3.3. Ferroelectric LiNbO3

The use of substances with a dipole, which separates the photogenerated electrons and holes, is an important part of surface photochemistry that has not been largely addressed. These substances are ferroelectric materials. The selective oxidation and reduction reactions, which take place on the surface of BaTiO3, was demonstrated by an early work of Giocondi and Rohrer [112]. Subsequent work on the ferroelectric methods PbZr0.3Ti0.7O3 [113,114] and LiNbO3 [115] indicated that the dipole in the ferroelectric material determines the space charge layer structure because of the spontaneous polarization associated with lattice distortions. Ferroelectric LiNbO3 is a promising photocatalyst for CO2 reduction due to its comparatively strong remnant polarization of 70 μC/cm2 [116] than other materials, such as KNbO3 (30 μC/cm2) [117] and lead zirconate titanate [Pb(ZrxTi1−x)O3 (PZT)] (25 μC/cm2) [118]. In spite of the wide bandgap of LiNbO3, which is 3.78 eV, its high remnant polarization was exploited to achieve products from CO2 conversion either under high-pressure mercury lamp illumination or natural sunlight [119]. In the case of solid–liquid reactions, LiNbO3 shows low efficiency in CO2 reduction [120] but in a solid–gas reaction scheme, this ferroelectric material produces seven times the product formed by TiO2 under UV light; under visible light, 36 times more product are produced compared with that by TiO2. This high rate of product formation by LiNbO3 in CO2 reduction with H2O can be explained by its strong remnant polarization, which is absent in TiO2.
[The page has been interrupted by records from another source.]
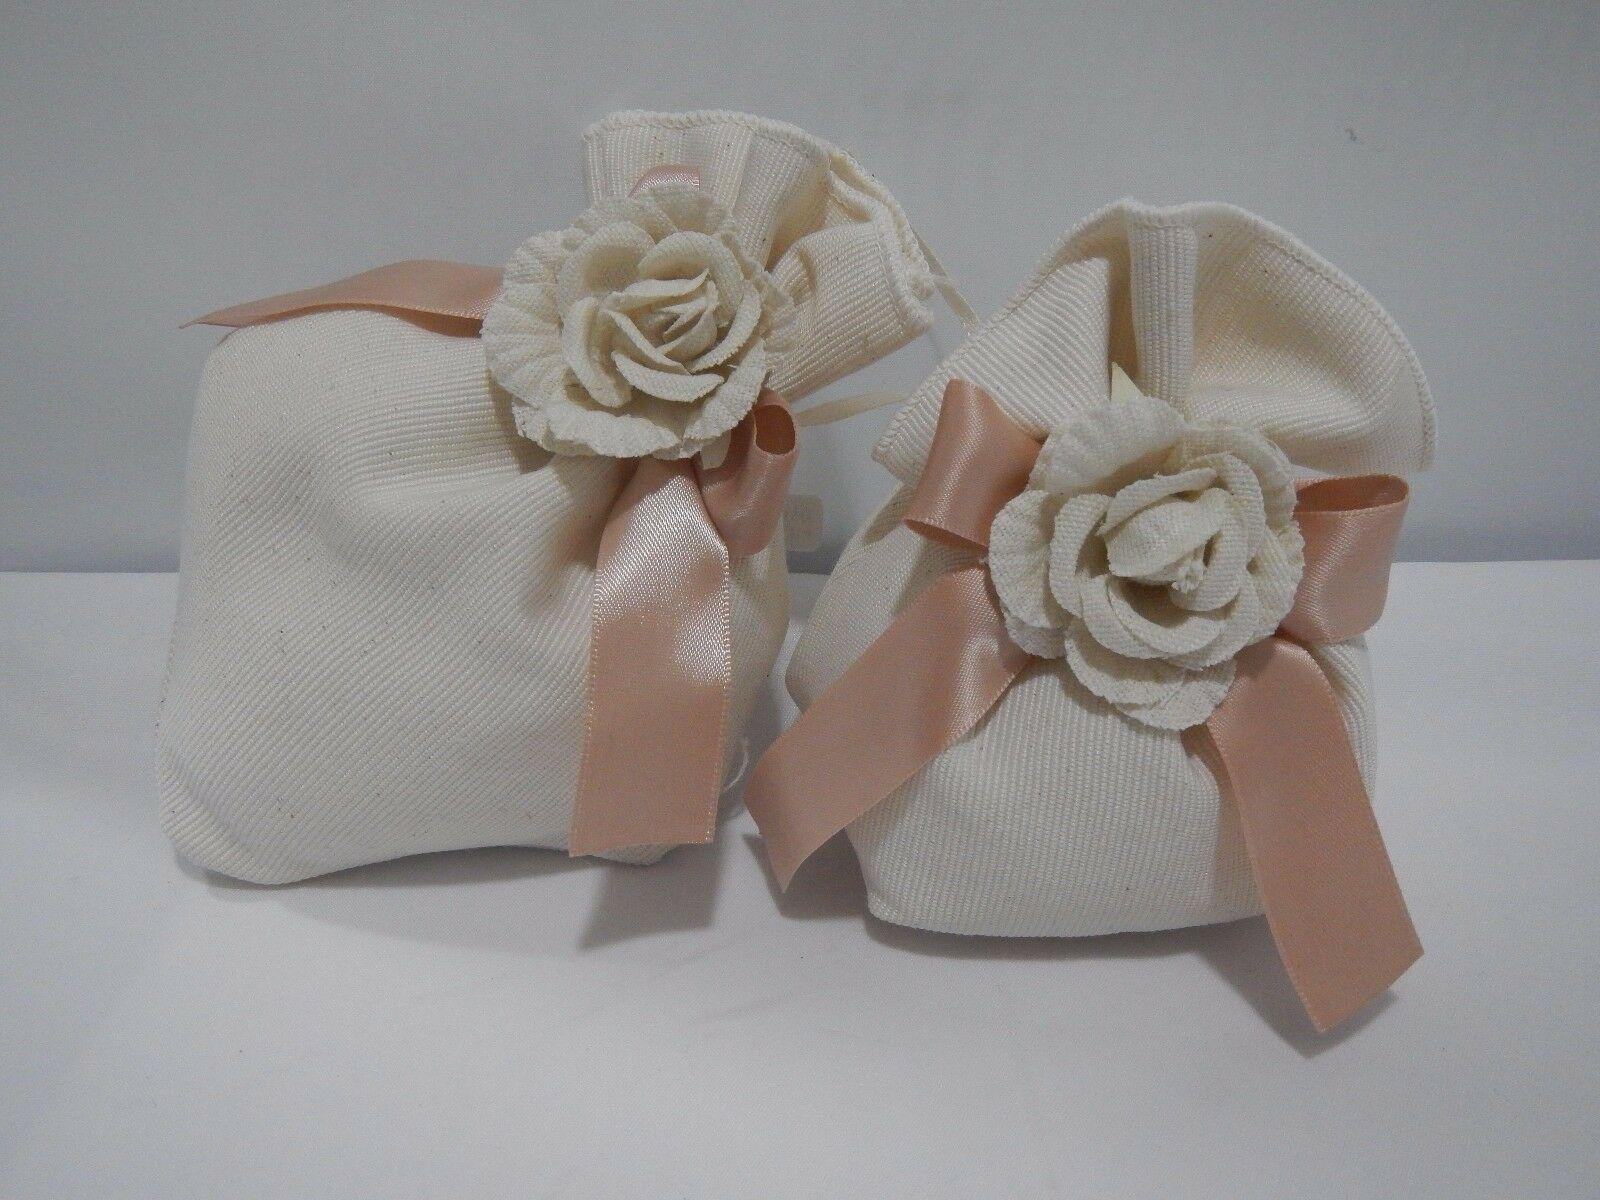 Kit 5 pz Bomboniera Sacchetti con rosa Cuorematto D5157 D5156 D5159 D5158 D5161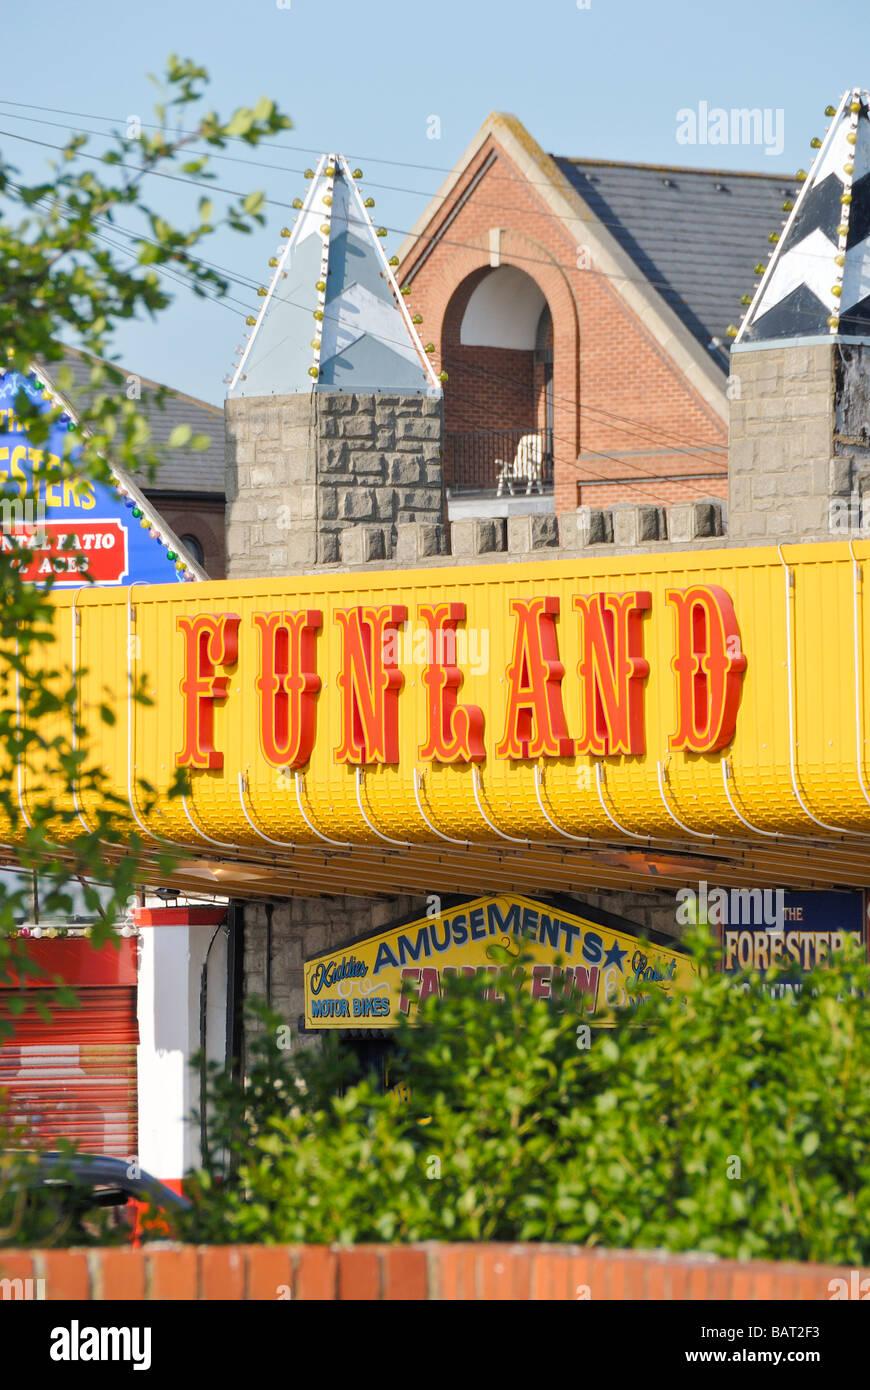 Funland Southend on Sea Essex England UK - Stock Image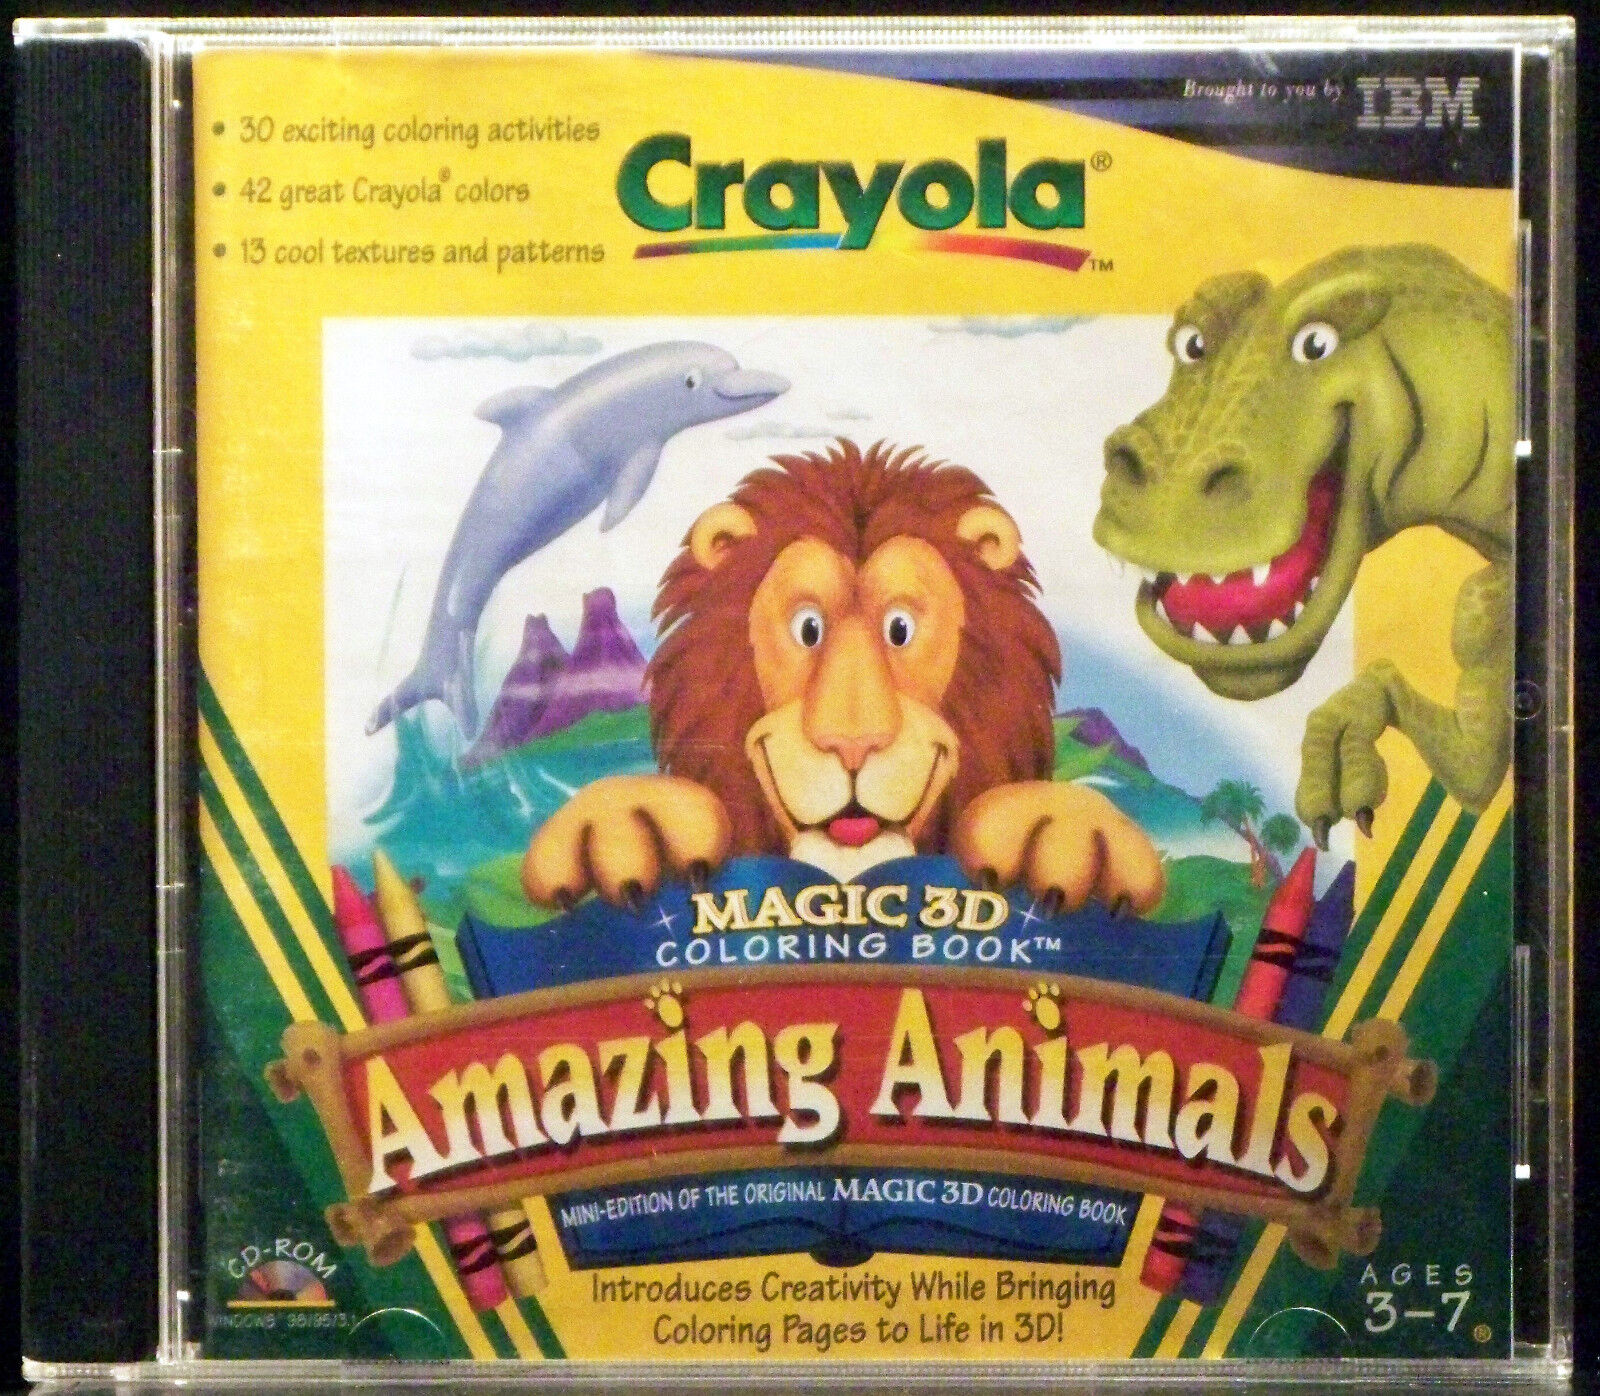 Crayola Magic 3D Coloring Book: Amazing Animals (PC, 1998)   eBay

Remnant polarization creates an electric field in ferroelectric materials, like LiNbO3, which is similar to usual p–n junction electric field. This electric field separates the photo-excited electrons and holes, leading to an enhanced lifetime of carriers. Thus, photo-excited carriers participate more in redox reactions because there is less chance of charge recombination [121]. In LiNbO3, the decay time of polaron photo-luminescence is very high (9 μs) [122], thus confirming the controlled charge recombination and longer lifetime of carriers. Remnant polarization also causes a charge experienced at the interface of LiNbO3, which interacts with the species in contact with the surface, thereby creating a strongly bound layer [123] and altering the bonding nature in physisorbed materials. Matt et al. suggested that in previous liquid–solid reaction schemes, particularly this tightly bound layer hinders high level of product formation. Another reason of high product formation rate by LiNbO3 could be the more energetically favorable reaction pathway availability than those from lower-energy photo-excited electrons of semiconductors [121]. For these characteristics, LiNbO3 is considered as a promising photocatalyst in concrete construction to improve air quality [124]. An experimental demonstration of this effect was carried out by Nath et al., in which the addition of LiNbO3 to concrete materials reduces CO2 in the presence of water and forms O2 [125]. This relatively new compound has already been used in electronic instruments in place of TiO2 to achieve artificial photosynthesis [126]. These studies clearly showed that ferroelectric LiNbO3 is effective even under weak solar energy in the ambient atmosphere for CO2 reduction with H2O. Further studies are required for the large-scale use of this water-insoluble, chemically inert photocatalyst.

4. Plasmonic Photocatalyst

For highly efficient photocatalysis process, plasmonic photocatalysts have become a topic of increasing interest, in recent years [101,103,127,128,129,130,131]. Nanoparticles of noble metals like Au, Ag, Pt exhibit strong absorption in the UV-visible region due to their surface plasmon resonance (SPR) [132]. SPR simply means the collective oscillations of conduction band electrons in a metal particle and it is driven by the electromagnetic field of incident light [133,134]. It is also known as localized surface plasmon resonance (LSPR).

Dispersal of noble metal nanoparticles of size 10 to 100 nm into semiconductor photocatalyst shows significant enhancement in photocatalytic activity under UV and visible range irradiation. In a conducting material, plasmons are the collective oscillation of the free charge (Figure 4). The oscillations confined to the surfaces of conducting materials are called surface plasmons, which strongly interact with light. When the real part of the dielectric function goes to zero at the plasmon frequency, a resonance in the absorption occurs.

Figure 4

The schematic diagram is representing surface plasmon resonance in a spherical metal particle induced by the electric field component of incident light (adapted from [138]).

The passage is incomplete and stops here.